Statement on Amazon’s Small Business Impact Report

Date: 3 May 2018 | posted in: Press Release | 0 Facebooktwitterredditmail

Contact: Nick Stumo-Langer, Institute for Local Self-Reliance
E: stumolanger@ilsr.org
P: 612-844-1330

Stacy Mitchell, co-director of the Institute for Local Self-Reliance, issued the following statement in response to Amazon’s “Small Business Impact Report”:

“Amazon is framing itself as a boon for entrepreneurs, but in fact the company’s increasing dominance of the consumer goods market is having a profoundly negative impact on the nation’s small and mid-sized businesses,” said Mitchell. “This impact is twofold. First, tens of thousands of small businesses have closed their doors in recent years and many cite Amazon’s growing market dominance as a primary factor in their decline.  And second, as Amazon has become a gatekeeper to online shoppers — more than half of online shopping searches start on Amazon’s platform — an increasing number of small and mid-sized businesses have been compelled to join Amazon’s Marketplace in order to reach consumers.”

“As Amazon’s own release today makes clear, many small businesses now must depend on an aggressive competitor for the infrastructure they need to get to market,” Mitchell continued. “In the absence of meaningful competition in online retail platforms or federal regulation of Amazon’s platform as a common carrier, this dependence means that Amazon controls the fates of these small businesses. It can abruptly change the terms by which they are allowed to operate, demote them in search results, suspend their accounts, or use the knowledge it gleans from them to compete directly against them with its own offerings.”

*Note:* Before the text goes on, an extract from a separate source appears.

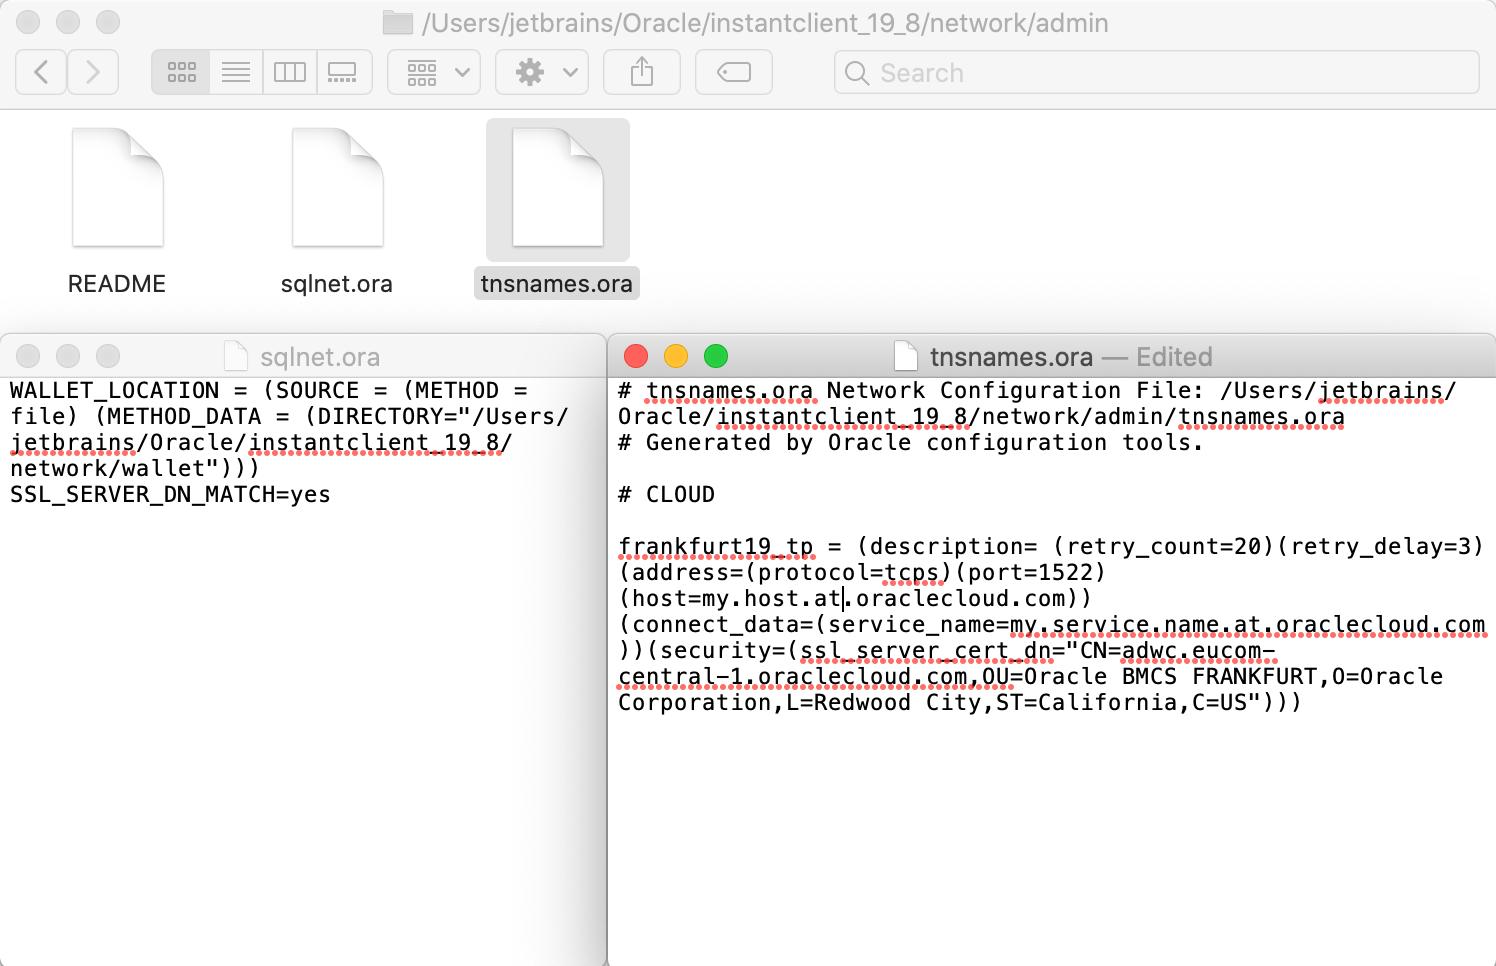 Configuring TNS files

Key facts about Amazon’s impact on small and mid-sized businesses:

  • Between 2005 and 2015, the number of small retail businesses in the U.S. fell by 85,000, according to U.S. Census data.
  • Small retail businesses cite Amazon as the top cause of their declining sales. In a survey of more than 850 small independent businesses conducted last fall, 90% of businesses reported that Amazon is having a negative impact on their revenue. Twenty-eight percent described the degree of negative impact as “significant.”
  • In interviews we conducted with a wide range of small and mid-sized manufacturers for ILSR’s 2016 report, Amazon’s Stranglehold, manufacturers described how Amazon is using its market dominance to extract concessions from them, reducing their ability to invest in new products. They also described how, by reducing retail competition and driving independent retailers out of the market, Amazon has made it increasingly difficult for these small and mid-sized manufacturers to successfully introduce new products and growth their sales.
  • Amazon routinely uses the information it gleans from sellers on its platform to compete against them, according to both studies and reporting. Harvard Business School researchers found, for example, that when third-party sellers post new products, Amazon starts selling many of their most popular items itself.
  • Amazon has repeatedly increased the fees it charges sellers. This year, Amazon increased it fulfillment fees by as much as 14 percent for standard-size items (and more for oversize goods), on top of similar increases in 2017. Because there’s no meaningful competition in online retail platforms, sellers have no real options but to accept these fee increases.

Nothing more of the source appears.